Property hunters scrolling through rental listings on Domain and realestate.com.au this week have encountered a pattern that advocates say is becoming routine in Wollongong: photographs from one property quietly substituted for another, outdated images recycled from previous tenancies, or stock shots standing in for rooms that look nothing like the advertised unit. The issue of duplicate and replaced listing images flared again locally after several prospective tenants reported turning up to inspections in the Wollongong CBD and the suburb of Fairy Meadow only to find the interior bore no resemblance to the photos posted online.
The timing is significant. The Illawarra region is carrying some of the heaviest rental pressure in regional NSW, driven by constrained supply, population movement from Sydney, and slow progress on new housing approvals. Every misleading listing wastes time for renters who are already attending six, eight, sometimes a dozen inspections before securing a property. In that environment, a replaced hero image is not a minor administrative error — it can cost someone a day of work and a tank of petrol they cannot easily spare.
Where the problem is showing up locally
Complaints this week clustered around listings in three suburbs: Wollongong city centre, Fairy Meadow, and Corrimal. Tenants described arriving at addresses on Crown Street and Bourke Street in the CBD to find the kitchen or lounge room photographed was from an entirely different layout — in one case, apparently sourced from a premium fitout in a newer building on the same street. Corrimal, where older brick units dominate the rental stock, saw at least two listings flagged on local community Facebook groups for using images that advocates believe originated from a renovated property elsewhere in the Illawarra.

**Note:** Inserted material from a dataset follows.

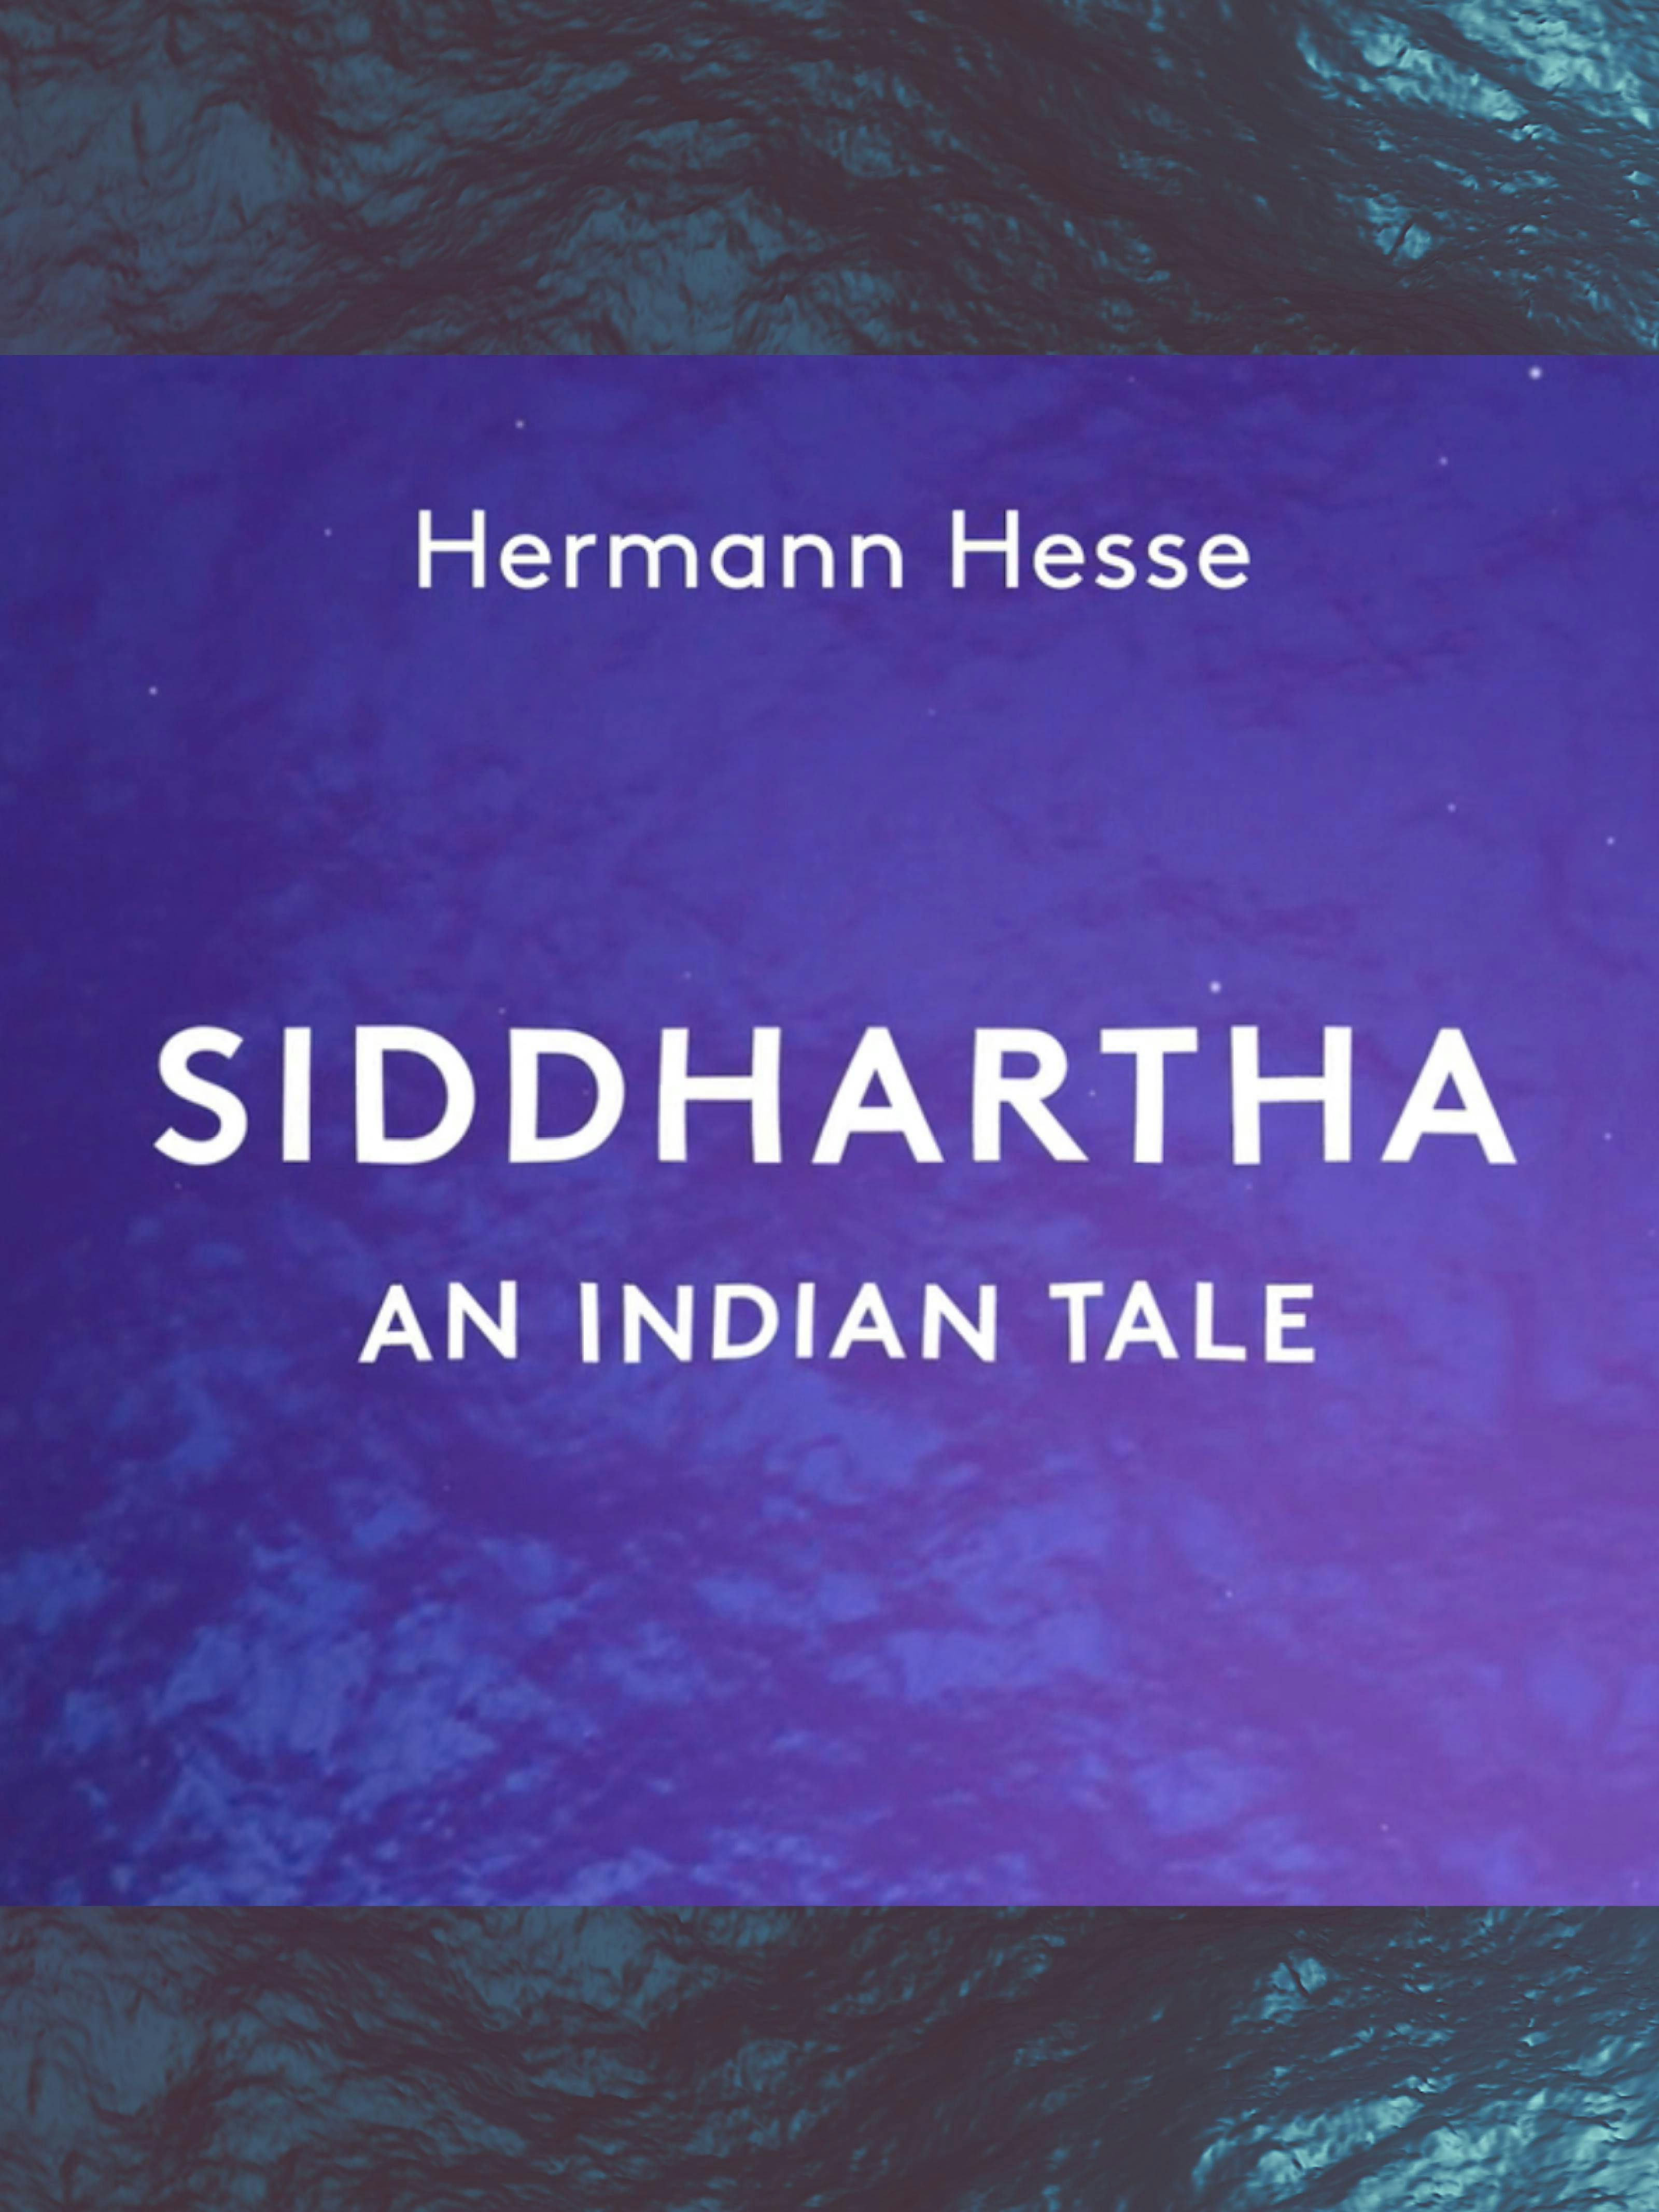 Siddhartha: unabridged narration - undefined

NSW Fair Trading administers the Property and Stock Agents Act 2002, which requires agents to ensure advertising is not false, misleading or deceptive. Tenants Union NSW has previously noted that complaints about misleading property advertising are among the most common grievances it fields from renters statewide, though the organisation has not publicly released Wollongong-specific figures for 2026. The University of Wollongong's student housing office, which assists hundreds of international and domestic students searching for private rentals each semester, told the Daily Wollongong this week it had received an uptick in student complaints about listings where photos did not match the property inspected — though the office declined to provide a precise count before the current semester's intake closes on July 18.

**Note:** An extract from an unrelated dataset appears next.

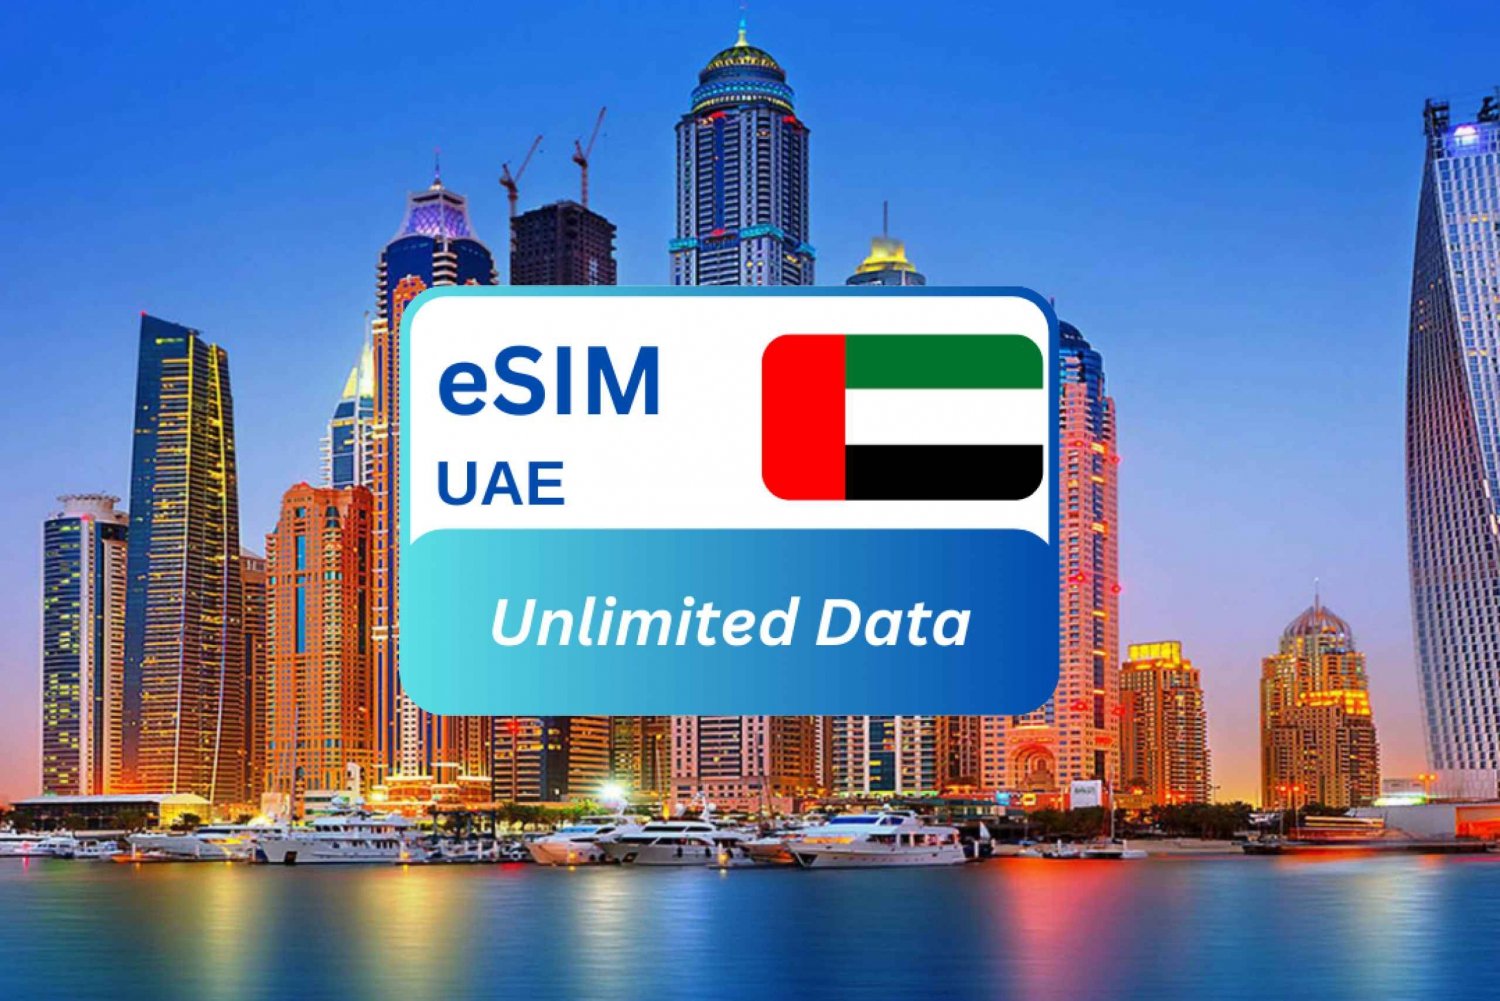 Piano dati eSIM illimitato per i viaggiatori del Medio Oriente

The Illawarra Legal Centre on Burelli Street in Wollongong handles tenancy disputes and has seen steady demand for advice on misleading advertising and bond disputes through the first half of 2026. Under NSW law, a tenant who can demonstrate a property was materially misrepresented at the point of application may have grounds to withdraw from a lease agreement without penalty, but the bar for proving that case is high and the process is slow.
What renters and agents should do now
The practical advice from tenancy advocates is straightforward: screenshot every image in a listing at the time of application and save the URL with a timestamp. If the property at inspection differs substantially from advertised photographs, document the discrepancy in writing to the agent before signing anything. Complaints can be lodged directly with NSW Fair Trading online or by phone, and the Illawarra Legal Centre offers free initial tenancy advice on Tuesday and Thursday mornings.

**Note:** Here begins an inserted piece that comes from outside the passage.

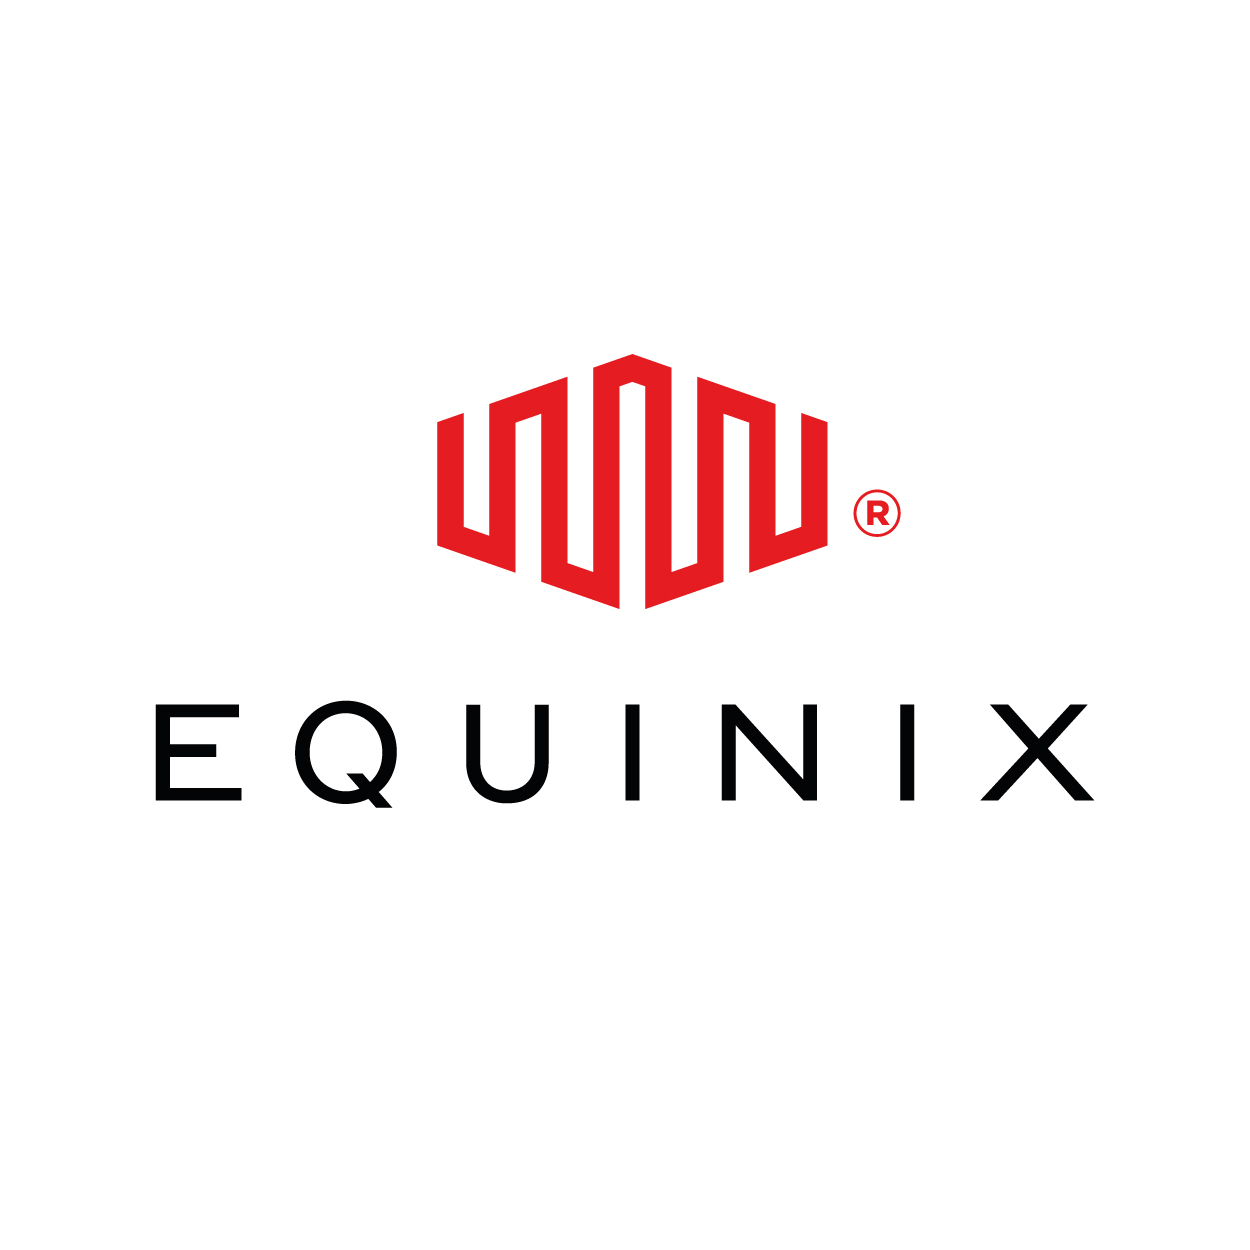 Equinix – Americas logo

For agents, the risk is reputational as well as regulatory. Wollongong's rental market is tight enough that landlords can afford to be selective about who manages their properties, and agencies found repeatedly substituting images face the prospect of losing management contracts as well as Fair Trading scrutiny. The Real Estate Institute of NSW updated its photography and advertising guidelines in late 2024, specifically addressing the use of digitally altered or misattributed images in listings.
Wollongong City Council is currently reviewing its Local Housing Strategy, with a public submission period running until August 1. Whether image integrity in private listings falls within the council's remit is debatable, but transparency advocates argue the council can use its influence with state agencies to push for stronger enforcement — particularly as the Illawarra Shoalhaven Regional Development Fund continues to attract workers and families into a region where honest information about housing is in short supply.